In Figure 2, the flavonoid ligands like apigenin, biochanin, curcumin, diosmetin, epipervilline, glycitein, okanin, rhamnazin, tangeritin and the standard gallicacid were built using Chemsketch and optimized using “Prepare Ligands” in the AutoDock 4.2 for docking studies. The optimized ligand molecules were docked into refined CEase model using “LigandFit” in the AutoDock 4.2 (Goodsell et al., 1996).

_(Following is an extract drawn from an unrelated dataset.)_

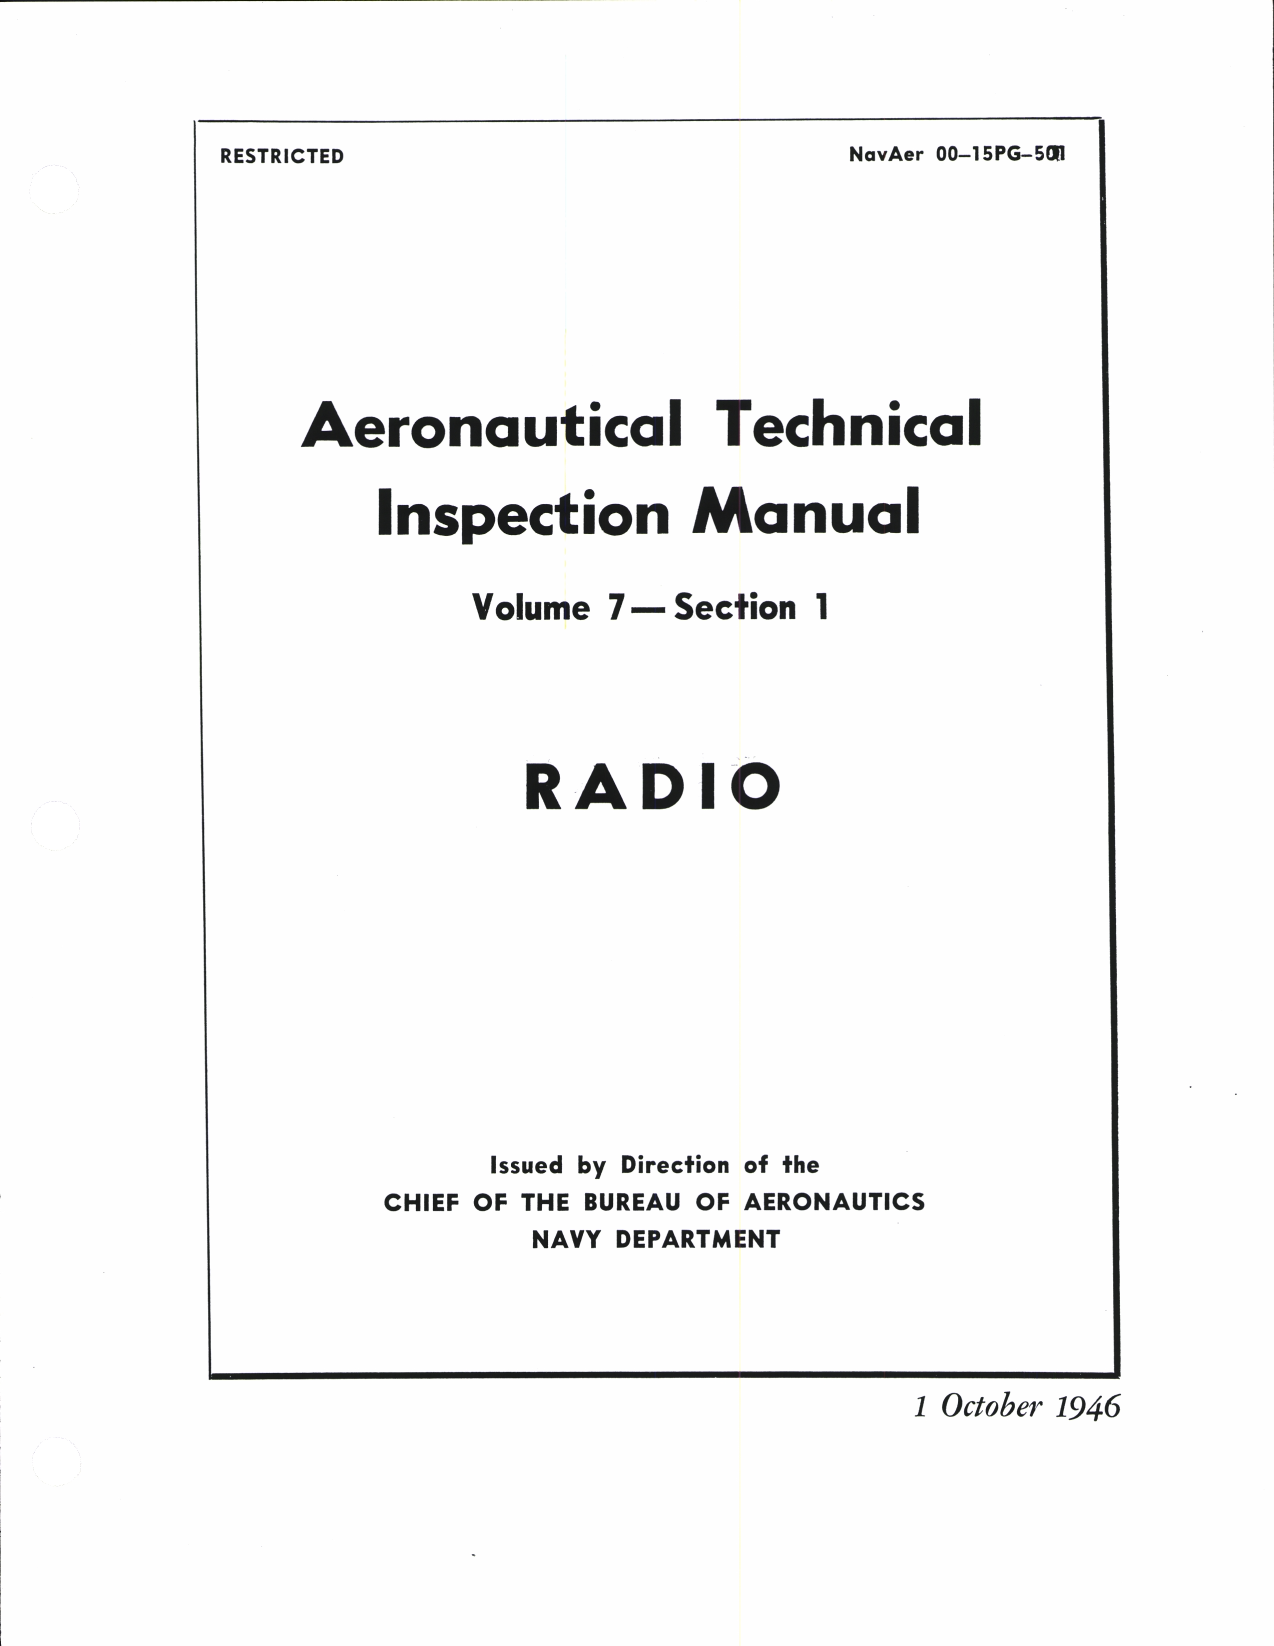 Sample page 1 from AirCorps Library document: Aeronautical Technical Inspection Manual - Radio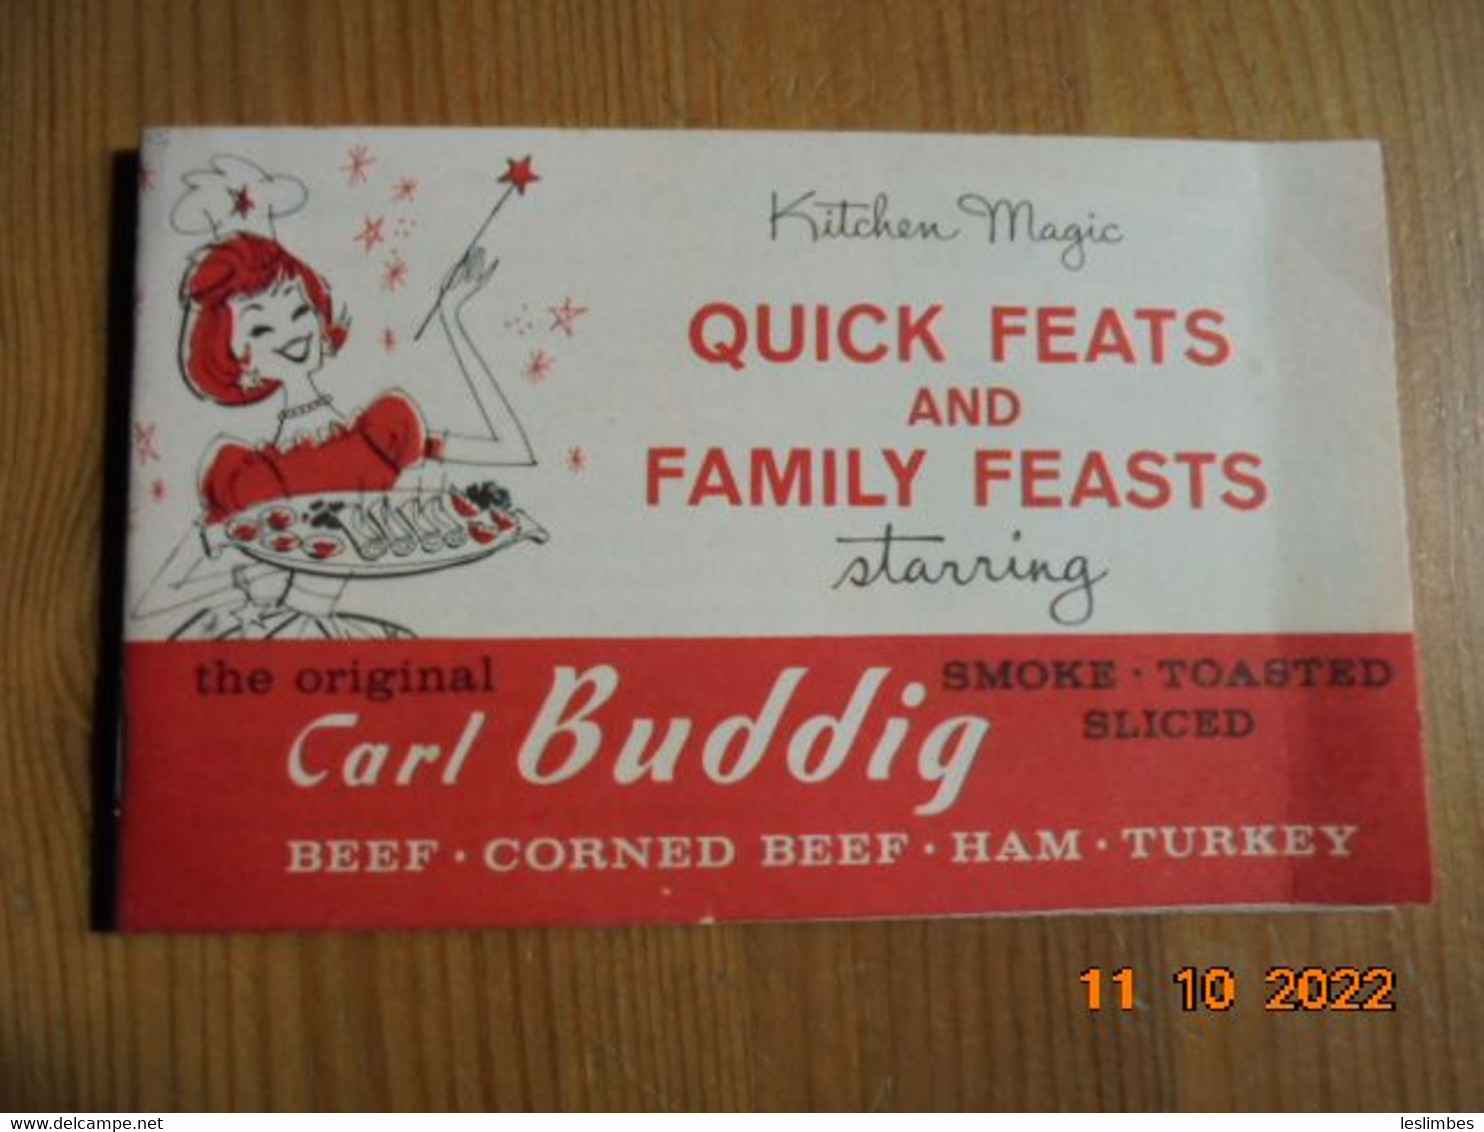 Kitchen Magic Quick Feats And Family Feasts Starring The Original Carl Buddig Smoke Toasted Sliced Beef, Corned Beef.... - American (US)

Figure 2:The optimized ligand molecules (1. Apigenin, 2. Biochanin, 3. Curcumin, 4. Diosmetin, 5. Epipervilline, 6. Glycitein, 7. Okanin, 8. Rhamnazin, 9. Tangeritin and 10. Gallicacid)

AutoGrid calculation

Rapid energy evaluation was achieved by precalculating atomic affinity potentials for each atom in the ligand molecule. In the AutoGrid procedure, the target enzyme was embedded on a three dimensional grid point (Morris et al., 1998). The energy of interaction of each atom in the ligand was encountered.

AutoDock calculation

Docking can be carried out by various methods. But, the most efficient method is Lamarckian genetic algorithm. AutoDockwas run several times to getvarious docked conformations, and used to analyzethe predictted docking energy. The binding sites for these molecules were selected based on the ligand-binding pocket of the templates (Chang et al., 2010).

Analysis using AutoDock Tools

AutoDock Tools provide various methods to analyze the results of docking simulations such as, conformational similarity, visualizing the binding site and its energy and other parameters like intermolecular energy and inhibition constant. For each ligand, ten best poses were generated and scored using AutoDock 4.2 scoring functions (Park et al., 2006).

Result and Discussion

The docking poses were ranked according to their docking scores and both the ranked list of docked ligands and their corresponding binding poses (Zhang et al., 2008). In Figure 3, docked pose of CEase enzyme with epipervilline ligand clearly demonstrated the binding positions of the ligand with the enzyme. Binding energy of the individual compound were calculated using the following formula:

Figure 3:Docked pose of cholesterol esterase enzyme (1F6W) with Epipervilline

Binding energy = A + B + C - D

Where, A denotes final intermolecular energy + Wander valls energy (vdW) + hydrogen bonds + desolvation energy + electrostatic energy (kcal/mol), B denotes final total internal energy (kcal/mol), C denotes torsional free energy (kcal/mol), D denotes unbound system’s energy (kcal/mol)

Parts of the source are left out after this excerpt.